(Beginning of Data extract)

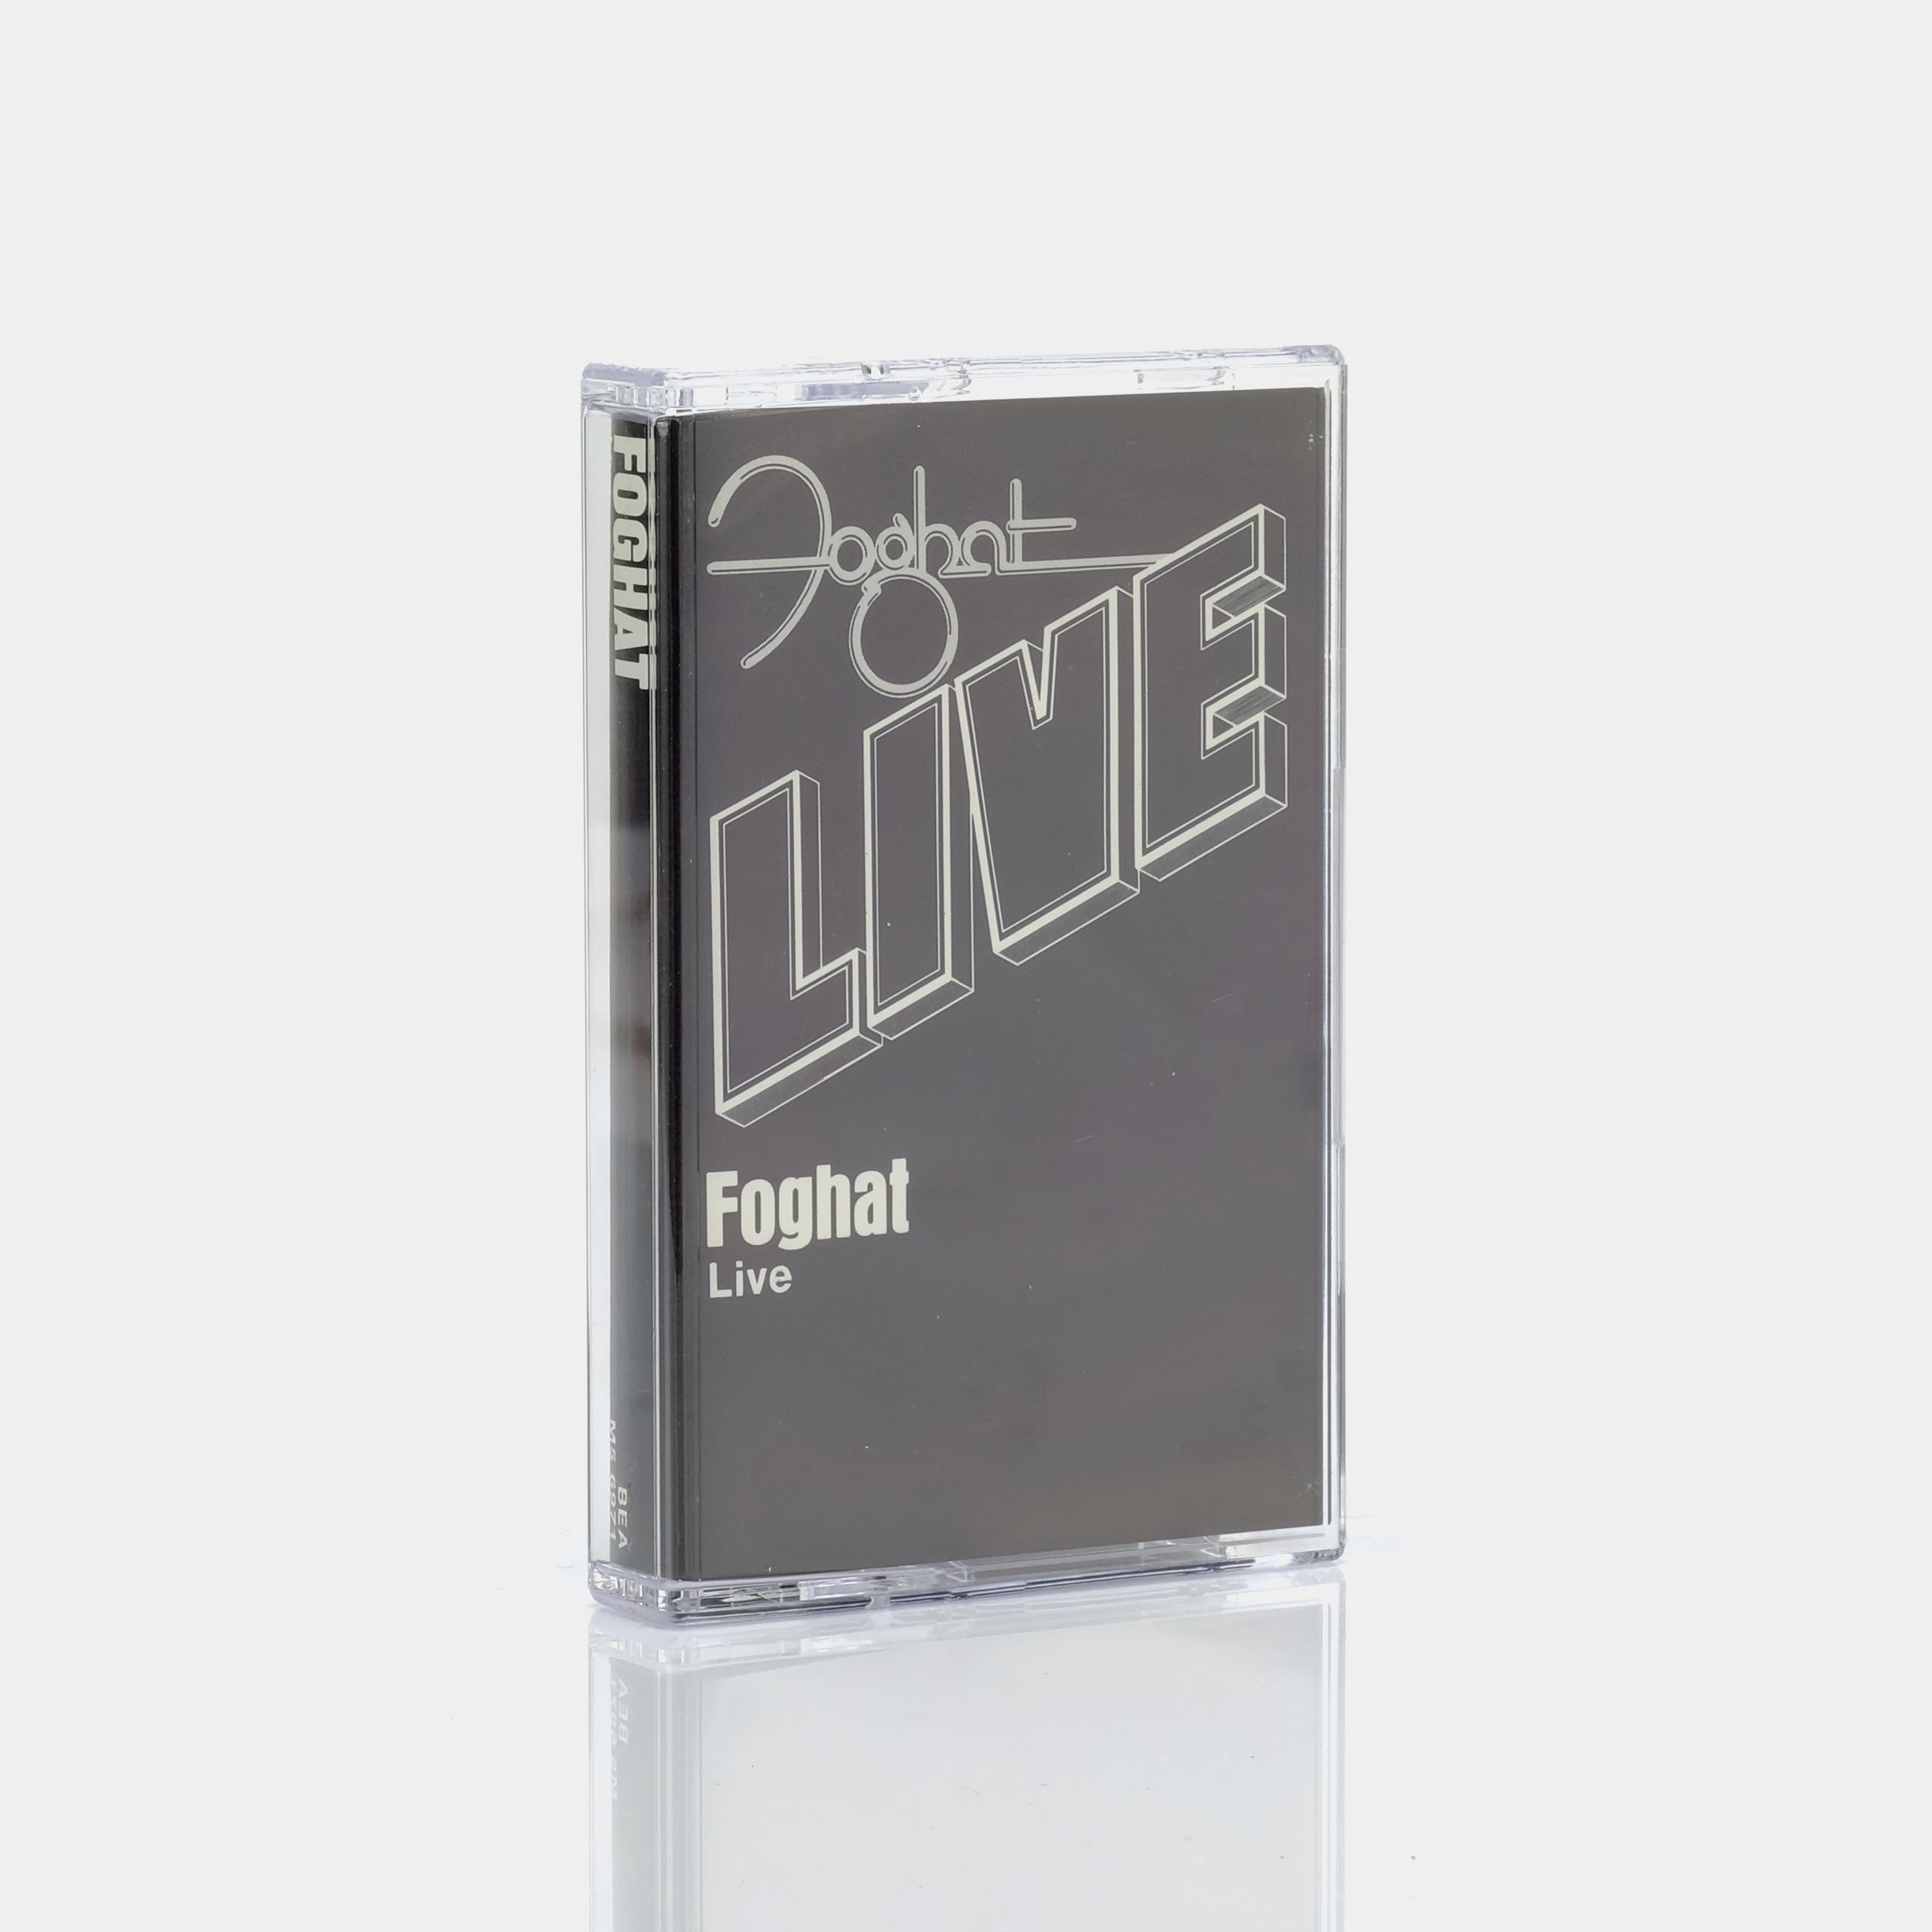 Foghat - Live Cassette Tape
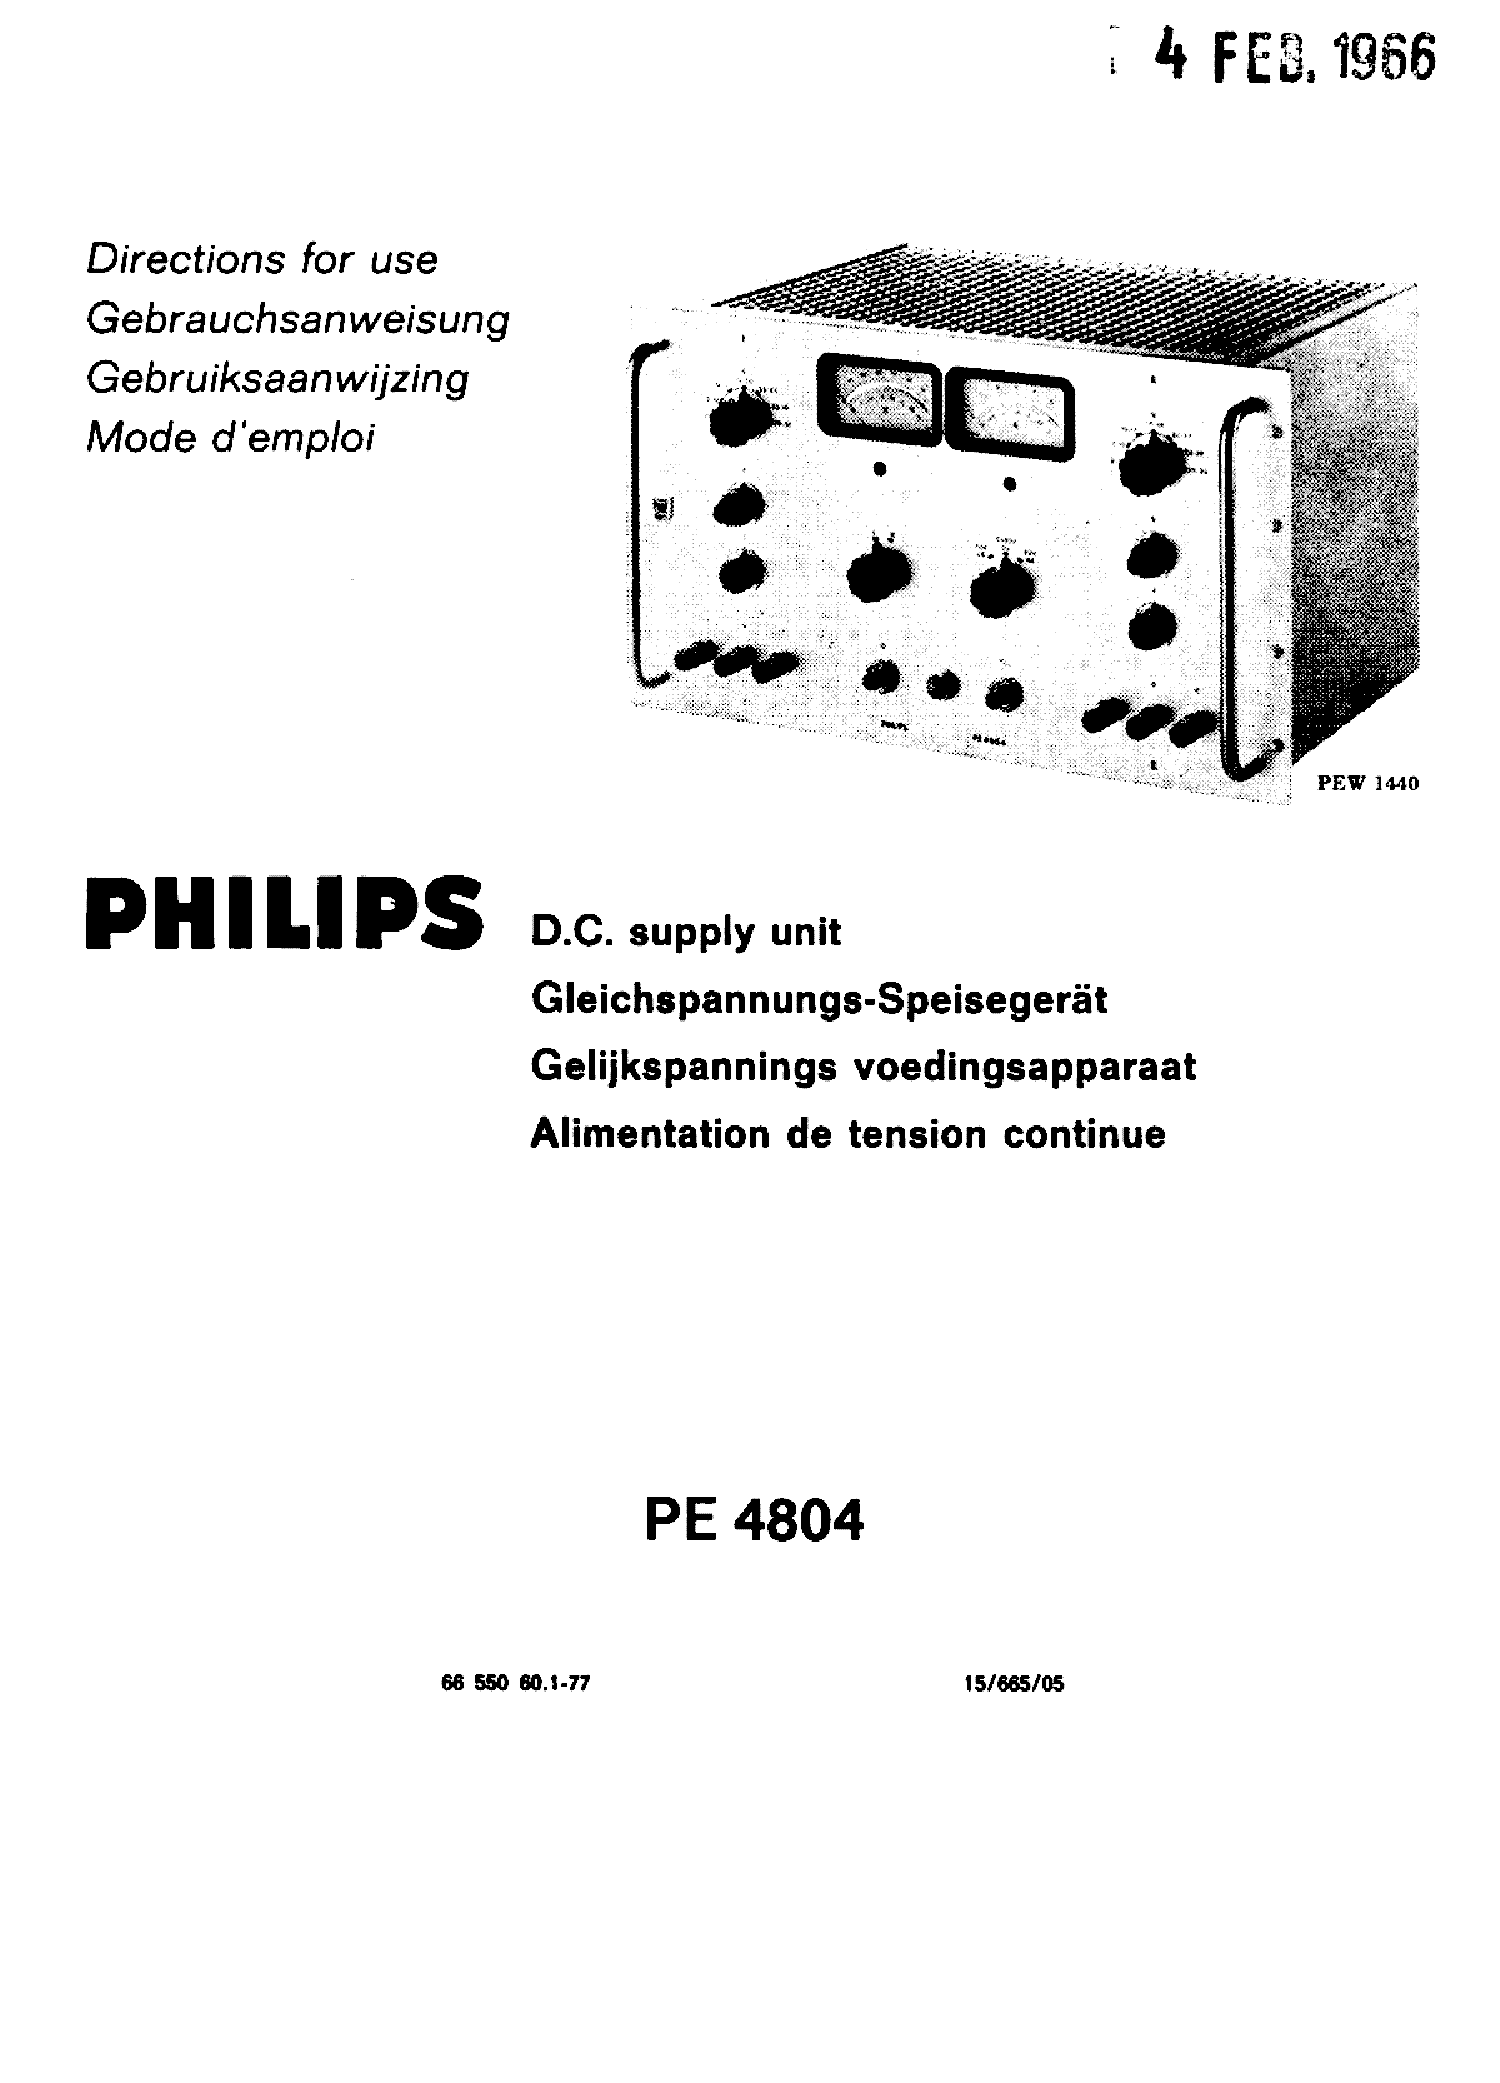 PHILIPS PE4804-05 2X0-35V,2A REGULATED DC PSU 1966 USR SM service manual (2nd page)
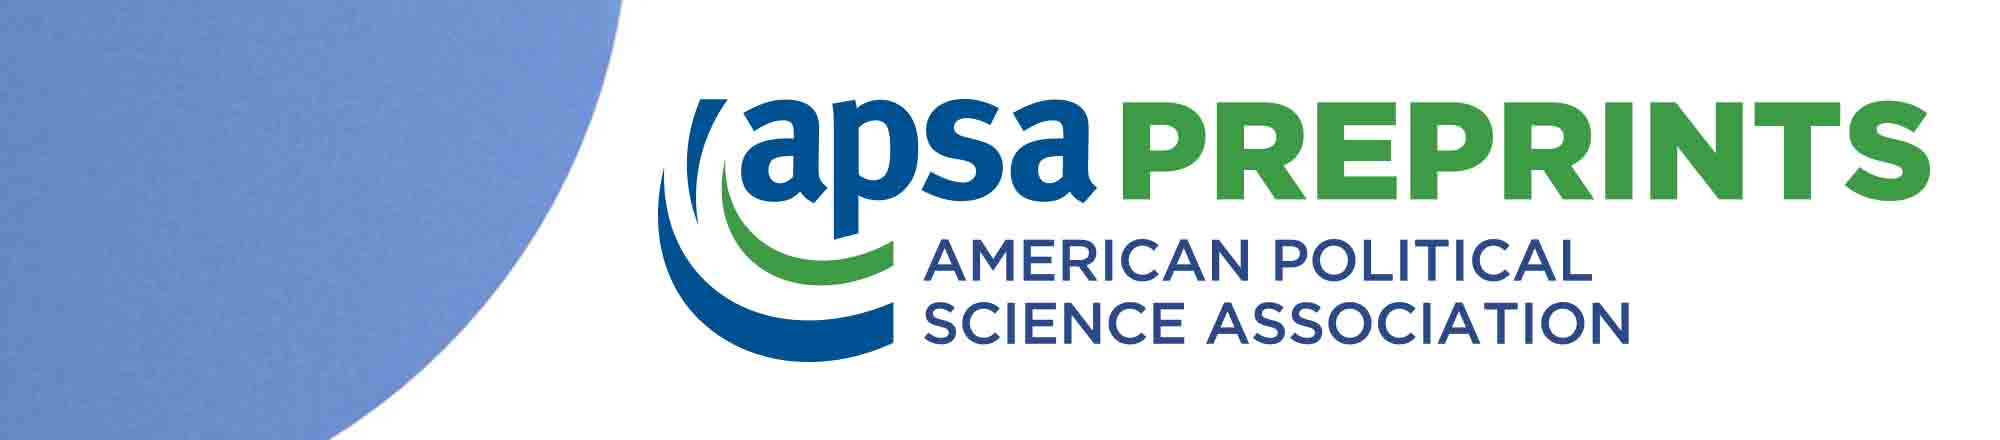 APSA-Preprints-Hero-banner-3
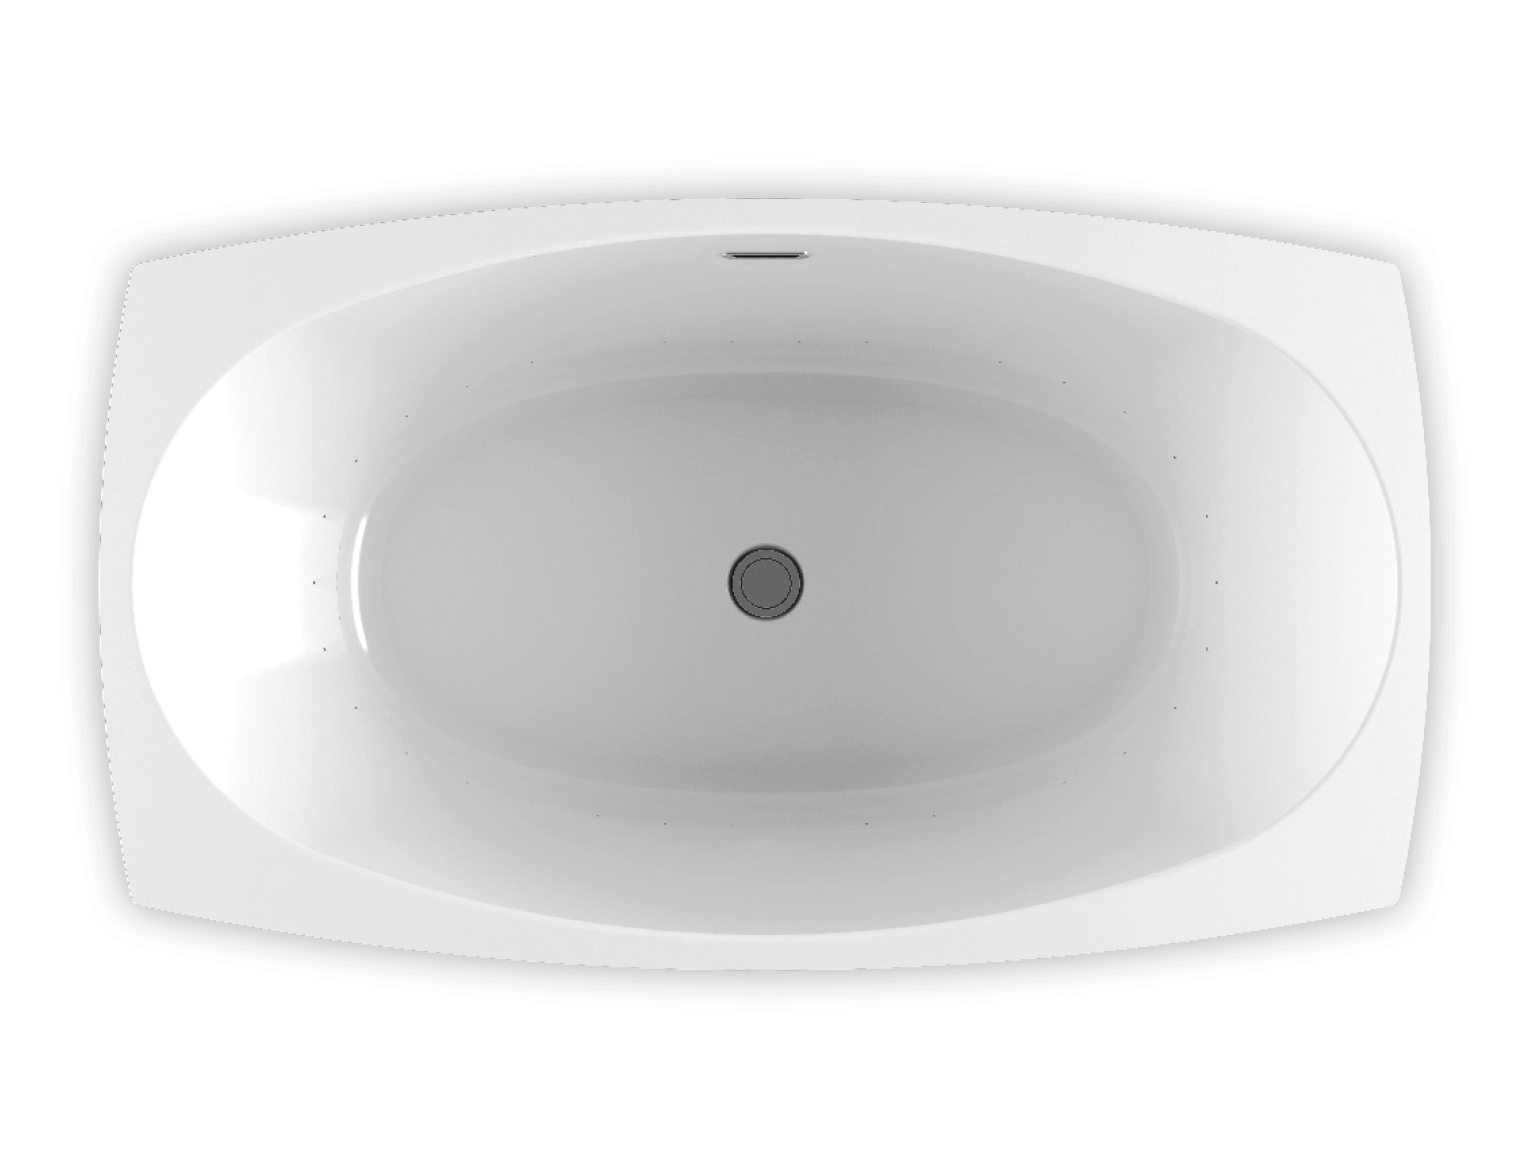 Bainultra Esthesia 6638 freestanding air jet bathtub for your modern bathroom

(End of Data extract)

_Your goal:_ With the pictures removed, set down the entire listing exactly.

_Reply to the task:_
 Foghat - Live Cassette Tape
 PHILIPS PE4804-05 2X0-35V,2A REGULATED DC PSU 1966 USR SM service manual (2nd page)
 APSA-Preprints-Hero-banner-3
 Bainultra Esthesia 6638 freestanding air jet bathtub for your modern bathroom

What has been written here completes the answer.